At the end of Nier, you must finally accept the responsibility of your actions. In your wild chase to hunt down every fragment of story, you willingly killed innocent people despite what you witnessed. The familiar comfort that you needn’t feel guilt over your actions because you’re inside a fictional world was too strong, even after experiencing the Shades’ side of the story. But Nier is not some repository of information that travels with you each time you restart your game. He only learns what the Shades are at the end of the game and, like any parent would in his situation, decides his child’s life is more important than a guilty conscience. You’re the one who bares witness to and guides Nier to that outcome each and every time, knowing full well that you have no control of what he does. You’re the one who willingly submits to the game’s arbitrary requirements to unlock everything while it screams at you to stop and think about what you’re doing. This set up shatters the false reality of fiction and places the ramifications of murder solely on us, rather than our avatar. But if you’re capable of dismissing the violence you commit on screen, Nier is more than happy to treat you the same way. Oh, so all this killing doesn’t mean anything? Your save file doesn’t mean anything too, then. You don’t need it. Video games are only frivolous entertainment, right?

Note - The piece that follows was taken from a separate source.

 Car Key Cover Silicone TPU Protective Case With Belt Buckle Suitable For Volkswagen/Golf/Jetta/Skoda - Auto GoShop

The credits finish. The game informs you that your system data is saved and erases your save data. Operation complete. Thanks for playing! You get the distinct sensation that Yoko Taro is somewhere out there in the world, laughing at you because he hates you.

3 Comments

  1. Rat

    Aaaah, the idea of anyone save scumming Nier irks me. Take responsibility for your actions! Anyway, according some translated interviews/supplementary material floating around, both Kaine and Yonah are still sick and will be dying soon anyway – as will the rest of the world now that you’ve stopped all chances of the Shadows taking over. Which hurts, so much. I’m the sort of person who can’t play GTA due to discomfort, but all it took was some abstraction and Nier had me killing babies. It’s amazing, isn’t it? The way videogames can implicate you makes my heart race and stomach ache; such a fierce medium.

    For the curious, fan-translated Nier lore: https://docs.google.com/View?id=dgvmkf89_228fxgghgg3&pli=1 which contains interview segments like “Natori: No matter how much of a happy end it is, or how much of a brilliant hero the main character is, it’s just a part of the bigger picture, and even us who are talking here today will eventually die. It’s all very normal… The word normal is pretty heavy”

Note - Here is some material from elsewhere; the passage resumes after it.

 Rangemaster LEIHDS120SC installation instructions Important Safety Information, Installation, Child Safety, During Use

    Also, Taro’s blog, which features posts such as a breakdown of medieval torture devices (After Cavia’s closure he went freelance, he’s currently doing freelance work for a Square-Enix social game): http://ameblo.jp/yokota6/

    • Alois Wittwer

      Hey, thanks for the links!

      The Grimoire Weiss is wonderful but there’s a part of me that resists the idea of uncovering more information outside of the game’s world. Nier tells a cohesive and understandable narrative without all the extra information in the book and, if I can be so bold, I feel that the story works better with the unanswered questions. It leaves you with such an… empty feeling.

      And I really hope Taro goes somewhere in the industry. He deserves to be recognised. Nier and their previous title, Drakengard, feel like two sides of the same coin. They both ask the same question but go about answering them in completely different ways. After Nier, it felt like Taro would have ironed out all the kinks in his previous efforts and his third game would have gone on to be something really interesting. Alas!

  2. Mo

    A very thought provoking article that definitely rings true. I’m trying to complete my second playthrough of Nier and it’s just getting harder and harder to get through knowing what you’re actually destroying. I skipped a lot of sidequests during my first playthrough and they’re hard to get through here before of the knowledge that Shades aren’t just mindless monsters. There’s one where you have to destroy one who’s simply standing in the study and reading or one which a little girl tries to protect. The relish that Nier takes in dispatching them is a little distressing to say the least.

    A brilliant game but one that makes you feel like crap at the same time.